- **GOAL OF THE EXERCISE**: All lines at or after the one containing "Fast Animals And", up to the last line of the material, must be repeated exactly, and no others.

- **SUPPLIED MATERIAL**:
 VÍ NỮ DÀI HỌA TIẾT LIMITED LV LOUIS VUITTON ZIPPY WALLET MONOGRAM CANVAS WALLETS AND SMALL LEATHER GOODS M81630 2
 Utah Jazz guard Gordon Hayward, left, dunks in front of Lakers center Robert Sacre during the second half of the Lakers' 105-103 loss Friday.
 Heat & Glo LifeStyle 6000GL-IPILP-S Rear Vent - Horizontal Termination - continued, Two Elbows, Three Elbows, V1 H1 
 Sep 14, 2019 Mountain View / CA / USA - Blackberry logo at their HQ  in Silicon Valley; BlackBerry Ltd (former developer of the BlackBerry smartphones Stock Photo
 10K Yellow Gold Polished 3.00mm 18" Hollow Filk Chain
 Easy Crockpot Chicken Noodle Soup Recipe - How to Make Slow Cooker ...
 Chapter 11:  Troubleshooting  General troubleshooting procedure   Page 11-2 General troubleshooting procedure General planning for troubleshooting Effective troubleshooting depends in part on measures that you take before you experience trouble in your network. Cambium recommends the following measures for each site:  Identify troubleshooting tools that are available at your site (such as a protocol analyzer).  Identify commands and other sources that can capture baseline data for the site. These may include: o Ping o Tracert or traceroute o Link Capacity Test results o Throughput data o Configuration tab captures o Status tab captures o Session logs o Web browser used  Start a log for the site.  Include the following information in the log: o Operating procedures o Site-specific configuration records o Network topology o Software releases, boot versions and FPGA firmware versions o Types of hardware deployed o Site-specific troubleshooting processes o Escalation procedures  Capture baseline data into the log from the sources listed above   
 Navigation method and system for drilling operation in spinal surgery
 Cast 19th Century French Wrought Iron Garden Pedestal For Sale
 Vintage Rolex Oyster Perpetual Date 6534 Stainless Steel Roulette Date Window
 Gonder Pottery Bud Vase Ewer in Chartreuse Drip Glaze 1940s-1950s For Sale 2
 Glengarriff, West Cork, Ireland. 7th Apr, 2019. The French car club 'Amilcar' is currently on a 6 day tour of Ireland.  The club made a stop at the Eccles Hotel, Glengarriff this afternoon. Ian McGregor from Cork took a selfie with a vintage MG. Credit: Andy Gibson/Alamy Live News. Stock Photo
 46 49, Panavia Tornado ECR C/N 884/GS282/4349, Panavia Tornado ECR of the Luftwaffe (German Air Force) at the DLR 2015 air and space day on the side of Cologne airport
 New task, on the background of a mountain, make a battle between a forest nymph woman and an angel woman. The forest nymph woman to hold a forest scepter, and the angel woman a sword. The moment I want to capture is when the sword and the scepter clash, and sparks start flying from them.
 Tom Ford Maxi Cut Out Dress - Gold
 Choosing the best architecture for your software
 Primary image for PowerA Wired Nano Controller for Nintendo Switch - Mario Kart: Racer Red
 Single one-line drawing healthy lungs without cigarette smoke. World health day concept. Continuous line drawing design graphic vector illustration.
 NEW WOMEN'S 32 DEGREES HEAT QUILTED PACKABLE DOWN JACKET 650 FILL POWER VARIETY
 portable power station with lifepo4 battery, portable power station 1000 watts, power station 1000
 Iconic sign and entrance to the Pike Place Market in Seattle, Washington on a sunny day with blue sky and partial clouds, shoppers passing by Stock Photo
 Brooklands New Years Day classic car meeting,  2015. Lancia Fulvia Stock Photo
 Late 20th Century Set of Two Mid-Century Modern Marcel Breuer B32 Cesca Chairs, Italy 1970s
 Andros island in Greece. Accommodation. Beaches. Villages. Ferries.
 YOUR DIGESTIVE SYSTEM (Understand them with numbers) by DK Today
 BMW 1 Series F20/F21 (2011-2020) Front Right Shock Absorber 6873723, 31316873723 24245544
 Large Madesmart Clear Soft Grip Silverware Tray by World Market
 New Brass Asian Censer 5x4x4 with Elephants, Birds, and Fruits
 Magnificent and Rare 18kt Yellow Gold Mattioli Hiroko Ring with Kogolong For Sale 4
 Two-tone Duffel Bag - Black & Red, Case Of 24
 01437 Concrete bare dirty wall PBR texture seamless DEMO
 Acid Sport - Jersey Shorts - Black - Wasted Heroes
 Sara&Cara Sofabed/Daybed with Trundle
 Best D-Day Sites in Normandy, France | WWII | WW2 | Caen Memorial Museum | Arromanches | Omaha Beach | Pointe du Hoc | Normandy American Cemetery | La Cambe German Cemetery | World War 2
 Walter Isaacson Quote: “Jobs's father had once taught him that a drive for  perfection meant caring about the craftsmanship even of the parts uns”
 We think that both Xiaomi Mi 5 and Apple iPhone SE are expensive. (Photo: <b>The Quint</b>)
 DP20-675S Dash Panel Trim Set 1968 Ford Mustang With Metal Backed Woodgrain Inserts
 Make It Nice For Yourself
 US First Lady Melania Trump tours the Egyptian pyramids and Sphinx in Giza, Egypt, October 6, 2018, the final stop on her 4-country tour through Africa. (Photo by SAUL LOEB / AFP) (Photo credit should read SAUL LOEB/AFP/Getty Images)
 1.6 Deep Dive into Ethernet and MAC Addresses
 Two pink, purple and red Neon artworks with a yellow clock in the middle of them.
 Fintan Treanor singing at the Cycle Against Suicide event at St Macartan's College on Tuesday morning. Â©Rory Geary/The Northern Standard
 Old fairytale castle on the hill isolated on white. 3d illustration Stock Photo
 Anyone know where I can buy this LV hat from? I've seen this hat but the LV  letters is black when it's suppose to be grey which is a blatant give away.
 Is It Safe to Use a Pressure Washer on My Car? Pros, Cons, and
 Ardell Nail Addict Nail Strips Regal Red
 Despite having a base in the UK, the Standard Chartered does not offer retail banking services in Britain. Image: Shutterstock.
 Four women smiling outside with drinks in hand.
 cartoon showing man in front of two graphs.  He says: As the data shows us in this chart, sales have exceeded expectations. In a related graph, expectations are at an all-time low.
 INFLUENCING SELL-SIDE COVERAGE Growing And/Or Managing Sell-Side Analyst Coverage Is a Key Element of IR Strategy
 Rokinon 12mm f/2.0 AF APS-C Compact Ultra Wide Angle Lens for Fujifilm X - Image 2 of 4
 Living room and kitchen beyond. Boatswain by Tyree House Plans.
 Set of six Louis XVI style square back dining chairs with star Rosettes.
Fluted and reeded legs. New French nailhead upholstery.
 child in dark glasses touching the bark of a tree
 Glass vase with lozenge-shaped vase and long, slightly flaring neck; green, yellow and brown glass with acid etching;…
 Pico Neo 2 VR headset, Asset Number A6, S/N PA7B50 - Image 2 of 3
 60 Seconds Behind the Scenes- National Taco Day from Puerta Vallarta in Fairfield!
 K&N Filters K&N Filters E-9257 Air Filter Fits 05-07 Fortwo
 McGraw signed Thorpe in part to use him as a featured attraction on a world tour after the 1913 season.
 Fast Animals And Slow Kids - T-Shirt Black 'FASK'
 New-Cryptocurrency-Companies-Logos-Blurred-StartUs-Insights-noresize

- **ANSWER SECTION**:
 Fast Animals And Slow Kids - T-Shirt Black 'FASK'
 New-Cryptocurrency-Companies-Logos-Blurred-StartUs-Insights-noresize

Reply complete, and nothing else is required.